§ Source material:

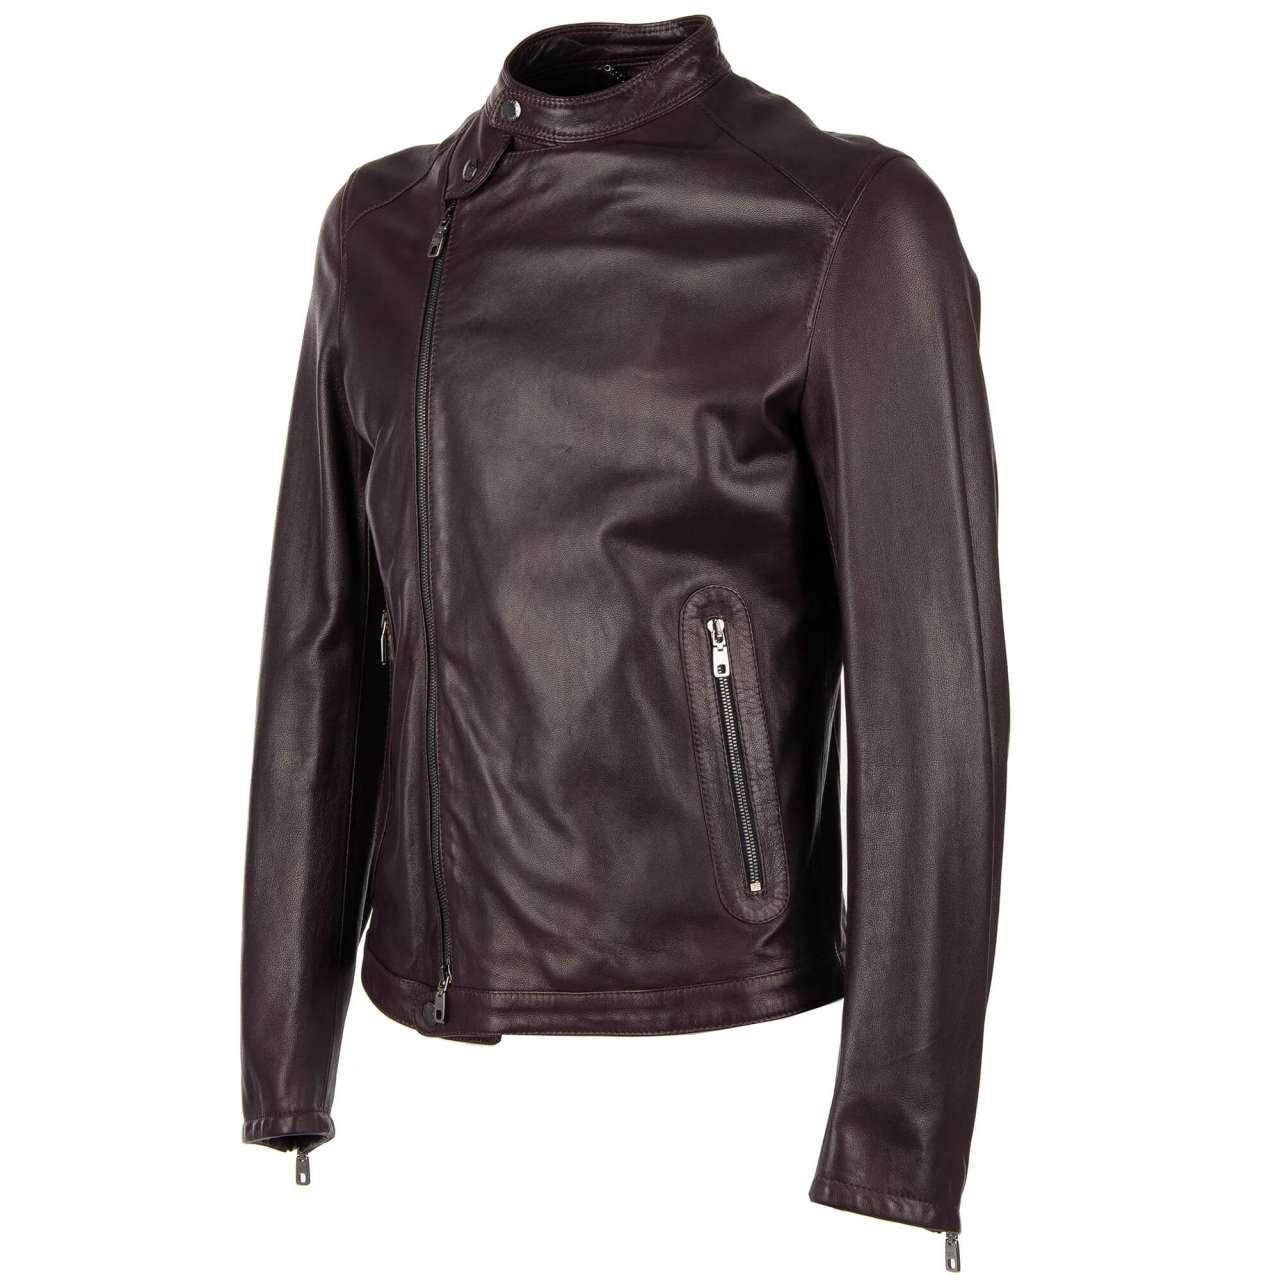 - Biker style nappa lamb leather jacket with zip pockets and Logo by DOLCE & GABBANA - New with tag - Former RRP: EUR 2.450 - MADE IN ITALY - Slim Fit - Model: G9LN1L-HULBB-M2762 - Material: 100% Lambskin - Lining: 90% Silk, 10% Lambskin - Color:
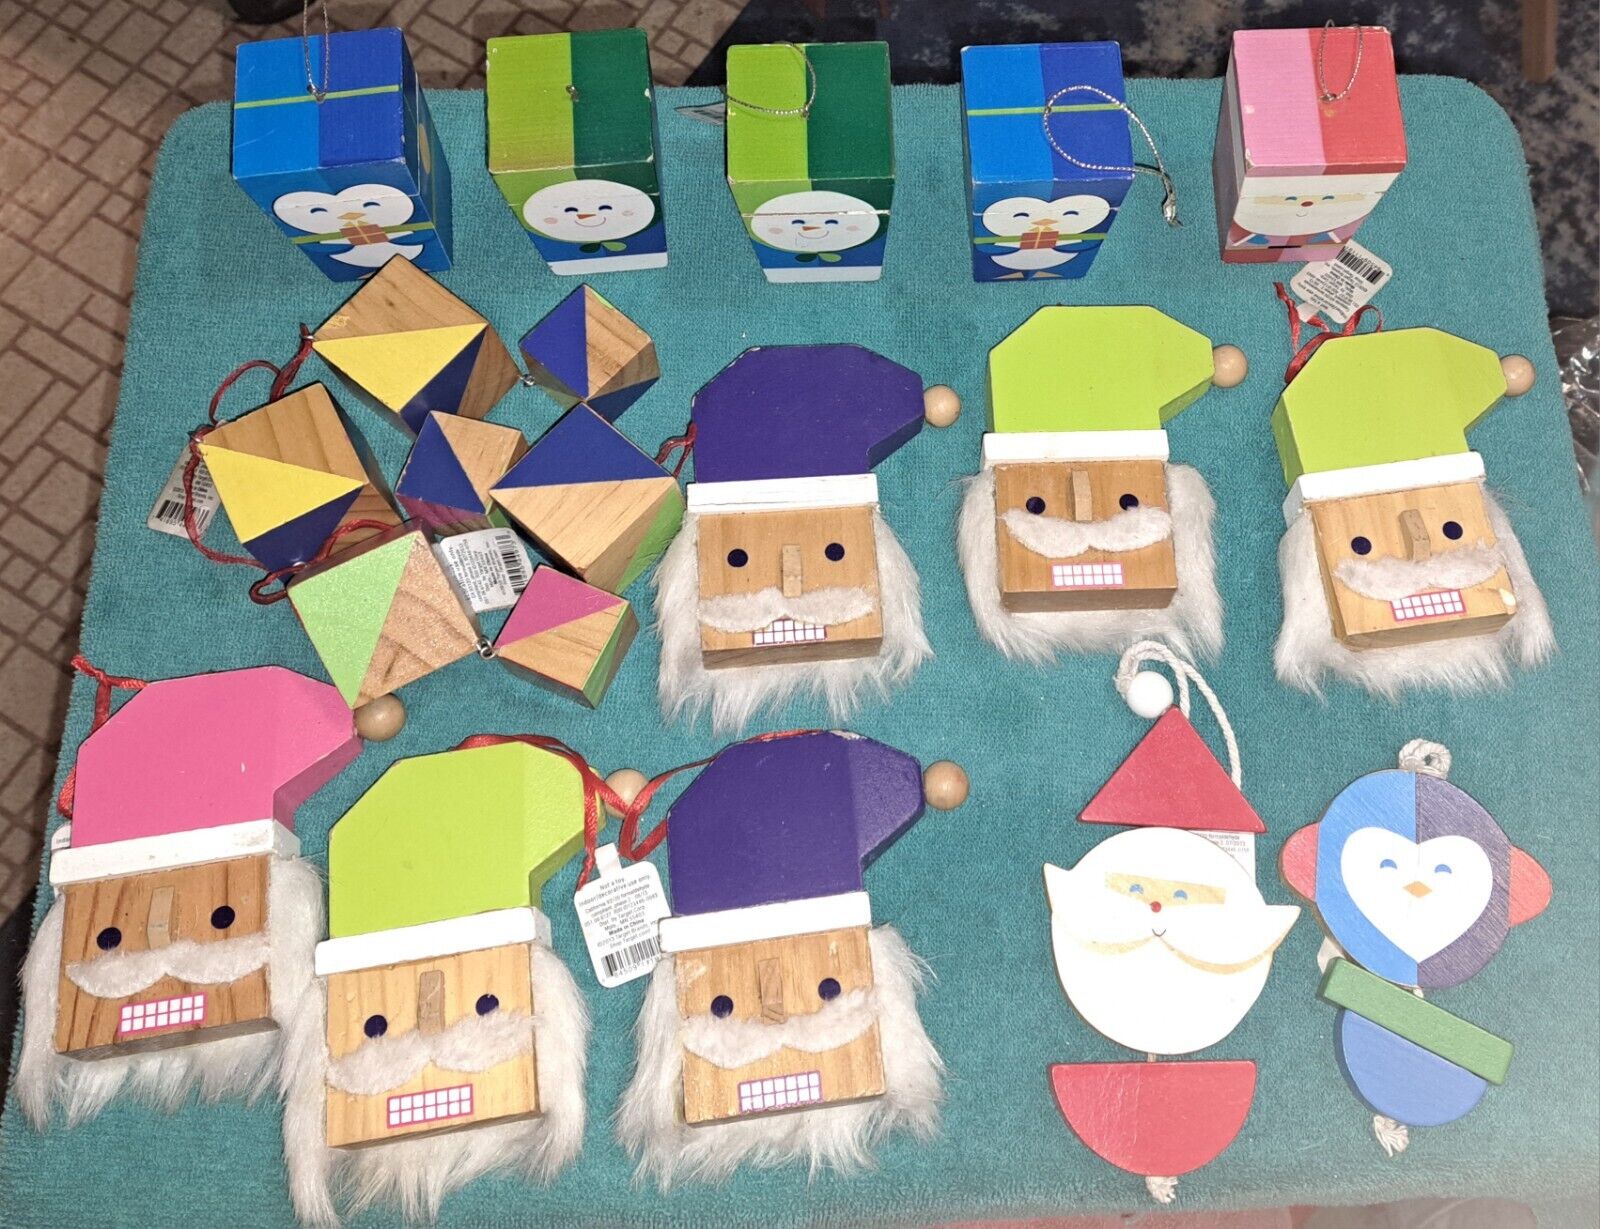 Wooden Christmas 2013 Target Brand Ornaments Lot Of 16 Plus 1
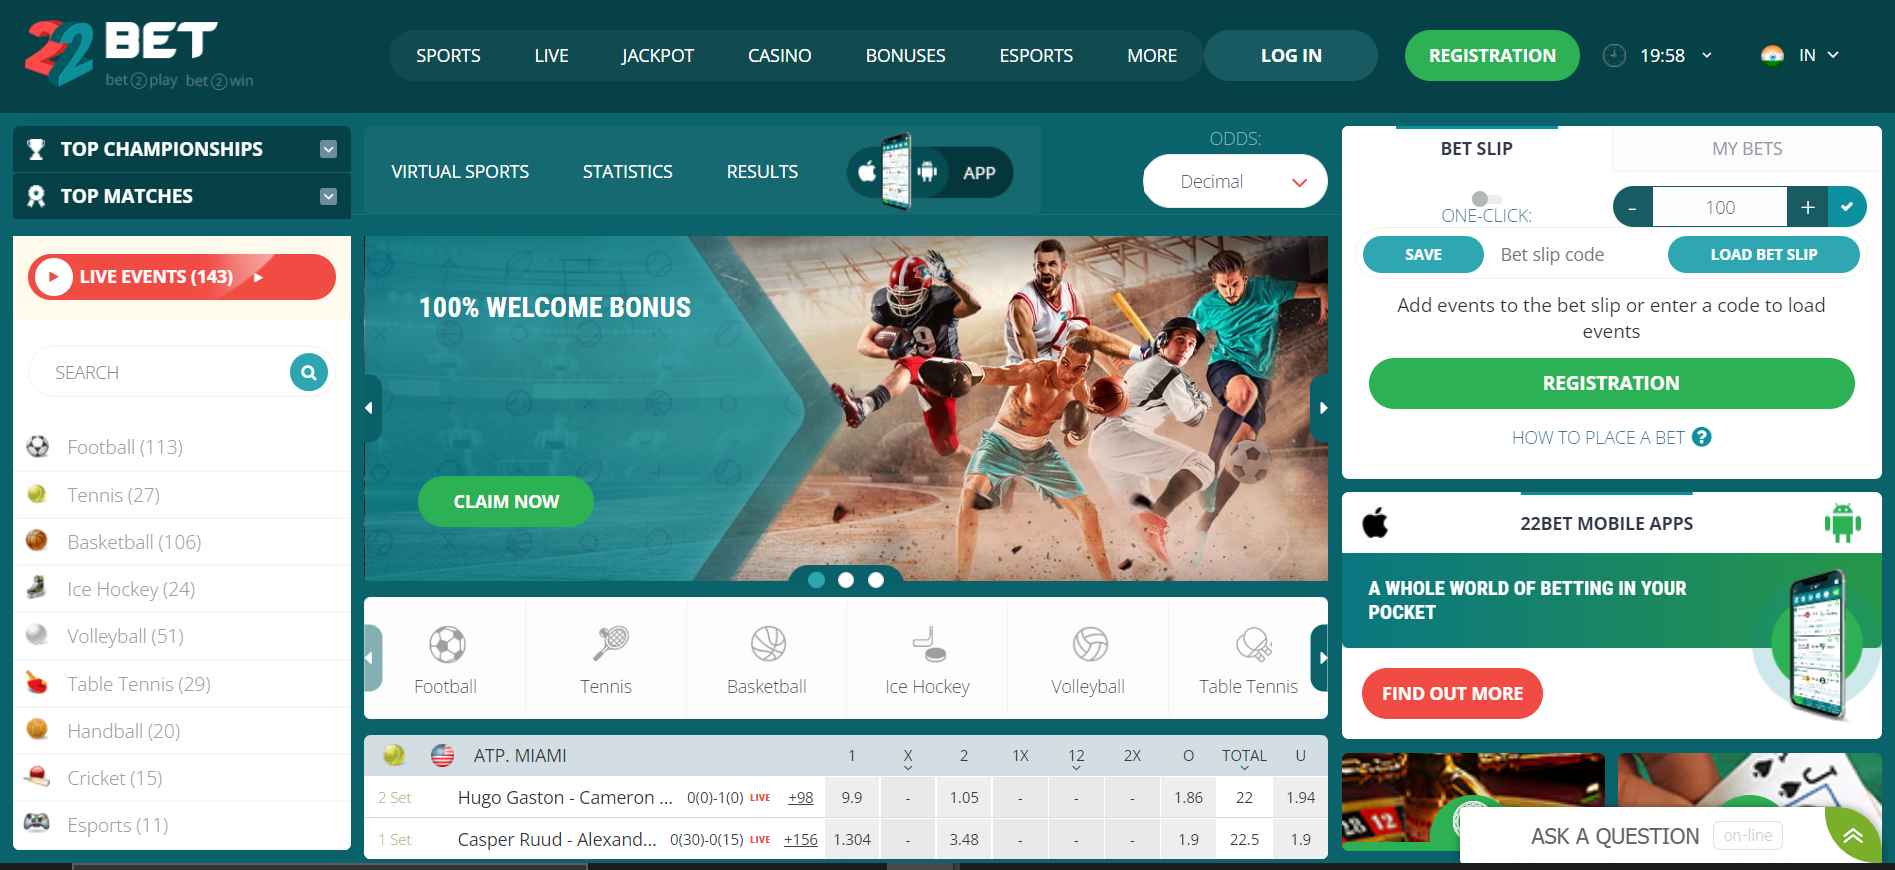 22bet offers lucrative bonuses and betting options to its players starting from its homepage.

§ Your task:
Would you retype each line above exactly and skip every image?

§ Task result:
 - Biker style nappa lamb leather jacket with zip pockets and Logo by DOLCE & GABBANA - New with tag - Former RRP: EUR 2.450 - MADE IN ITALY - Slim Fit - Model: G9LN1L-HULBB-M2762 - Material: 100% Lambskin - Lining: 90% Silk, 10% Lambskin - Color:
 Wooden Christmas 2013 Target Brand Ornaments Lot Of 16 Plus 1
 22bet offers lucrative bonuses and betting options to its players starting from its homepage.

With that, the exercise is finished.